ここまで書いてみて思ったこと、説明不足だったことを書いてみる。

  1. まずはテーマを設けて書くのはいささかしんどいかも、()この方が書きやすいかなと思って始めてみたが、書きたいことを制約しても得が少ないと思い始めている。

    これからは「つらつらと~その1~」みたいな、まんまパクリのサブタイでもつけて()自由に書くことが多くなると思う。

  2. とにかく、他では書かれないような「アニメーターはいい職業」というスタンスで書き続けようと思っていたがなんか変な方向に来てしまった()

    いや、ほんとクレイジーキャッツじゃないけど「アニメーターは気楽な家業ときたもんだ」と真剣に思っている()詳細は後日。

  3. 私の師匠はいったい誰か?同世代のアニメ関係者、アニメファンなら察しがつきそうなので公表しない、本人の名誉に関わる事をこれからもいっぱい書くつもりなので絶対に明かさない()

  4. 少しでも直接的関わりがあった方は名前を伏せさせていただいているが、まったく面識、関わりがない方は実名になっている。

  5. 私は半拘束料を大手二社からもらっているが、いかんせん手薄になることが多い。これはいったいどういうことか?妻子持ちだから気を使っているのか、絶対的な信頼を持っているのか、はたまた金が余ってしょうがないのか?

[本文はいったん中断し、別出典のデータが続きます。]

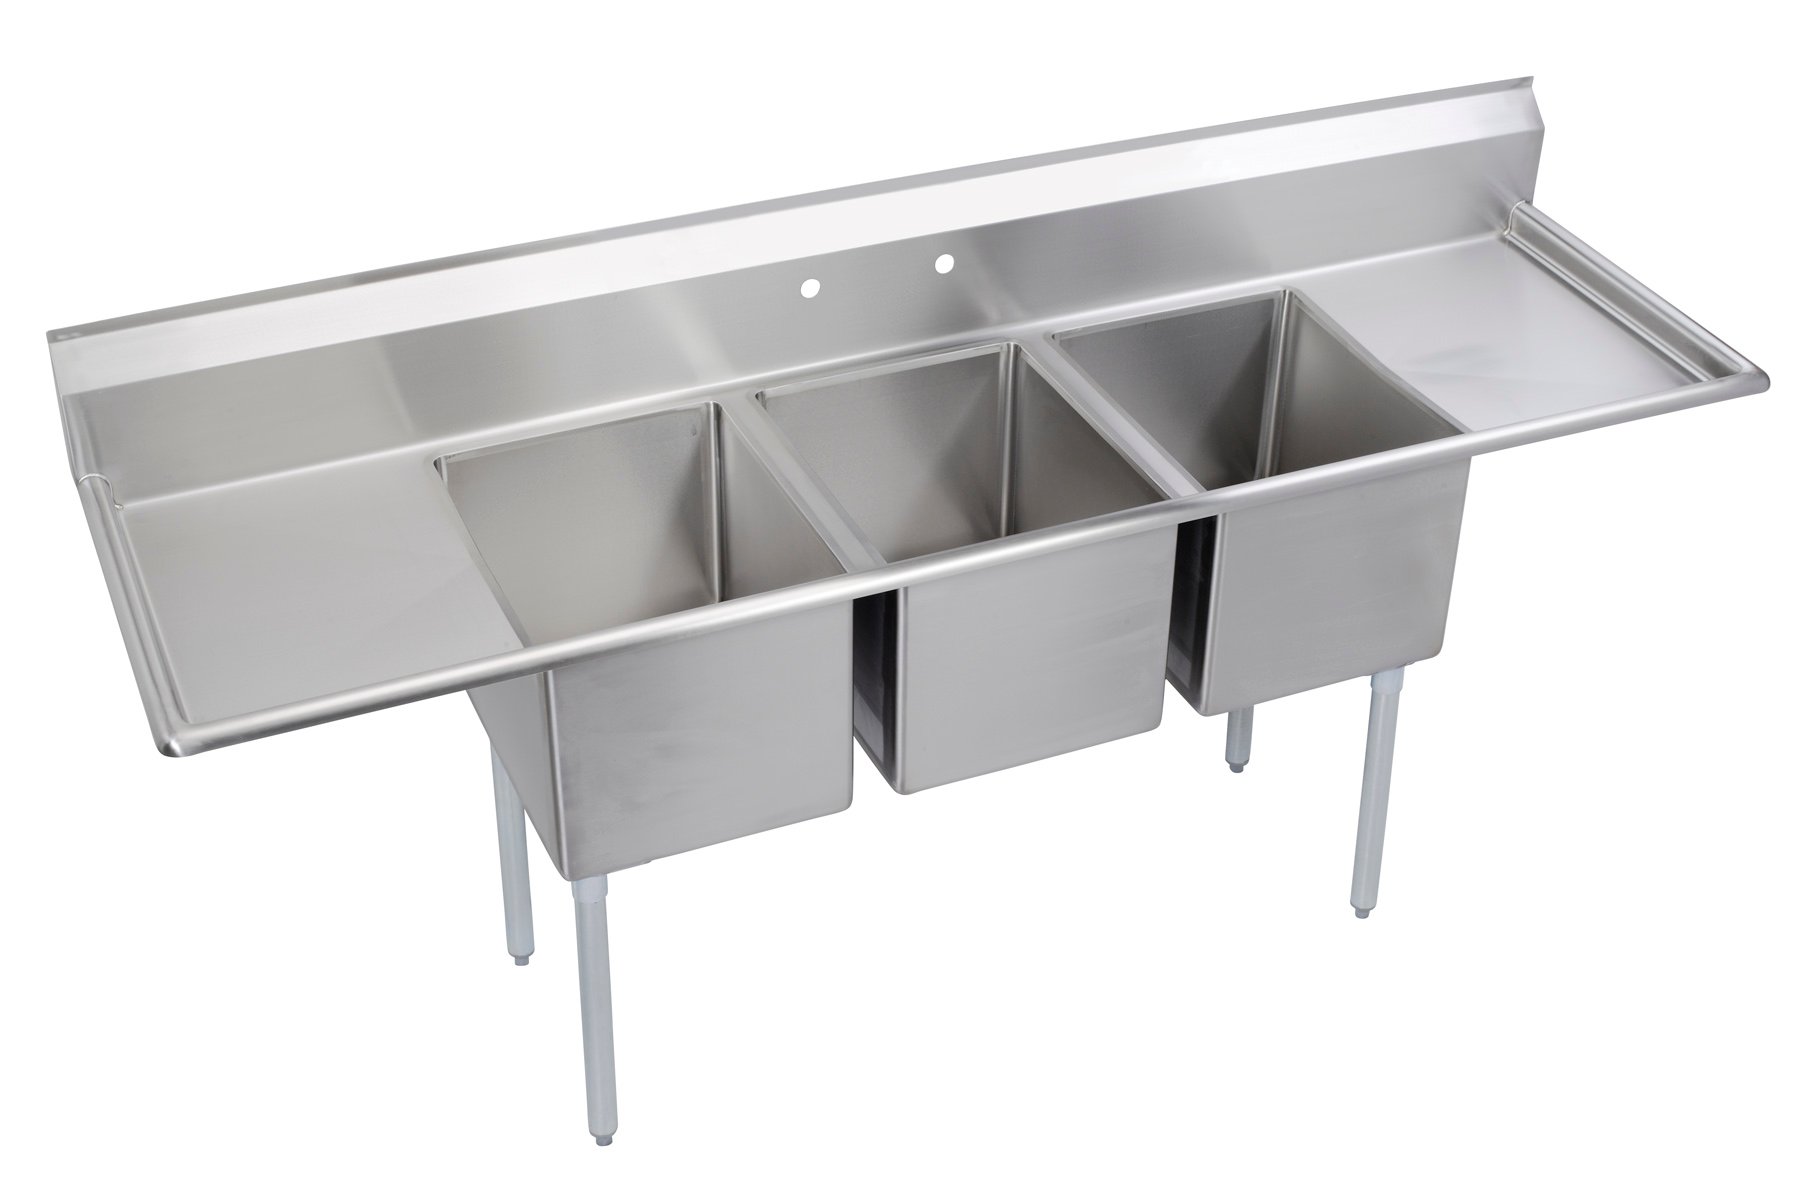 3 compartment sink for kitchen

    どれも違うと思うが・・・私はとにかく毎週にでも「TVに名前が出る」状態が望ましいと思っている。キャラデザ総作監は毎週名前が出るからそれらになりたいのかとかと思われるかもしれないが違う、毎週各話作監がしたいのだ。「手が遅いから無理だろう」と制作は言うかもしれないが、今まで私は「この量をこなすのは不可能」と思われたものをこなす度にレベルアップしてきたと思う。今のままではレベルが下がってしまいそうだ。(いや、もう下がってしまったかも・・・)

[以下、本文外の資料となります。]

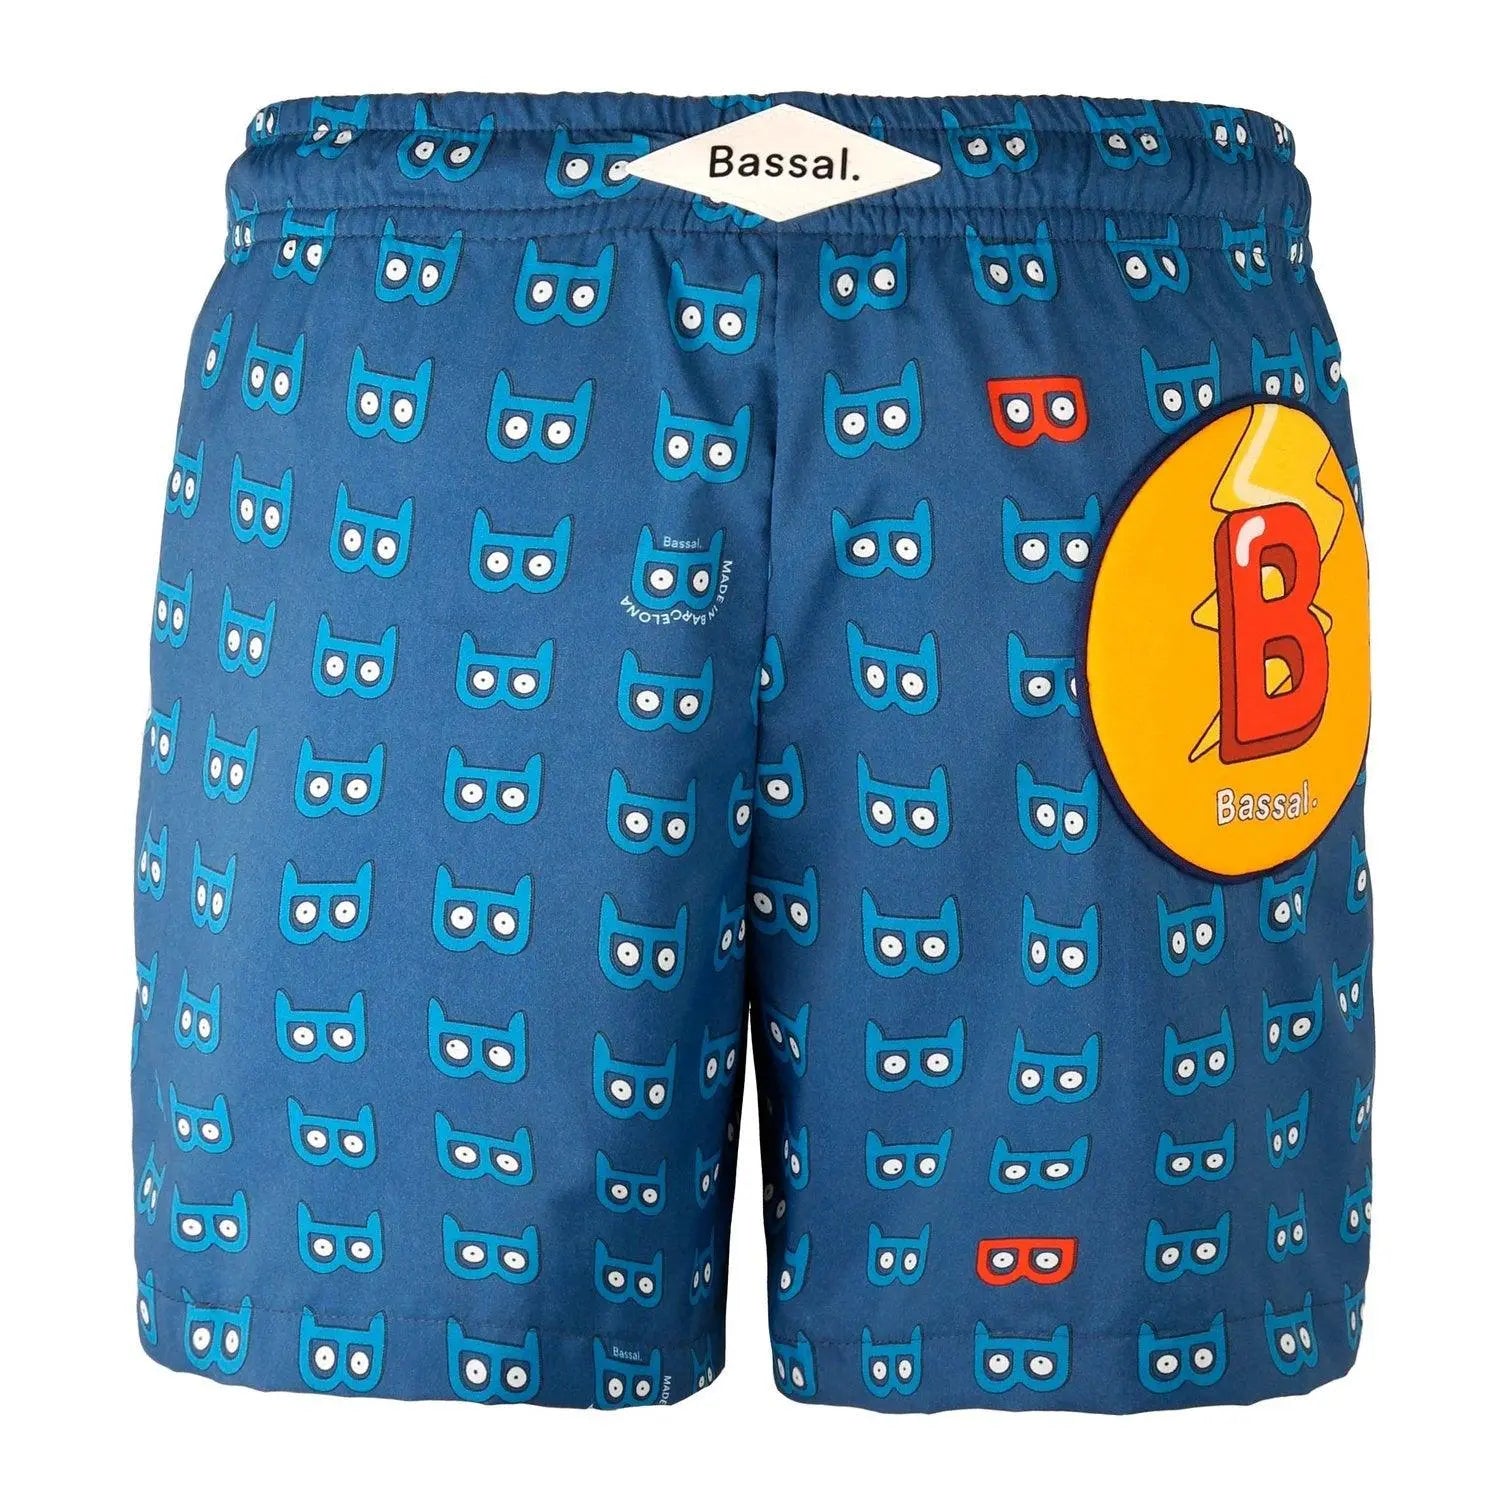 A pair of blue Mask Kids Swimwear with a cute owl pattern, neatly folded in an orange-bordered white box. A tag with the brand name "Bassal" and a plastic zipper bag are visible. The brand's name "Bassalstore" is printed on the box, showcasing its Barcelona roots.

    毎週各話作監をしようと思うと作品数が限られる「拘束」はやめた方がいいかもしれない、私は今の収入が三分の二になってでも毎週各話作監がしたい。

    拘束をやめたいときはやはり「辞表」とかを書くべきなのだろうか?

  6. 正直私は30カットぐらいならレイアウト原画込みで一週間あれば出来る(カット内容にもよるが)それを一ヶ月かけてもいいなんて言われたらモチベーションが下がって一ヶ月以上かかってしまう()

    いや、マジで。

  7. モチベーション問題で一番言いたかったことは結局「制作への『喝』」なのだ。言葉を選んだせいか言いたいことの半分も表現できていない。これからは手加減抜きでいこうと思う(笑)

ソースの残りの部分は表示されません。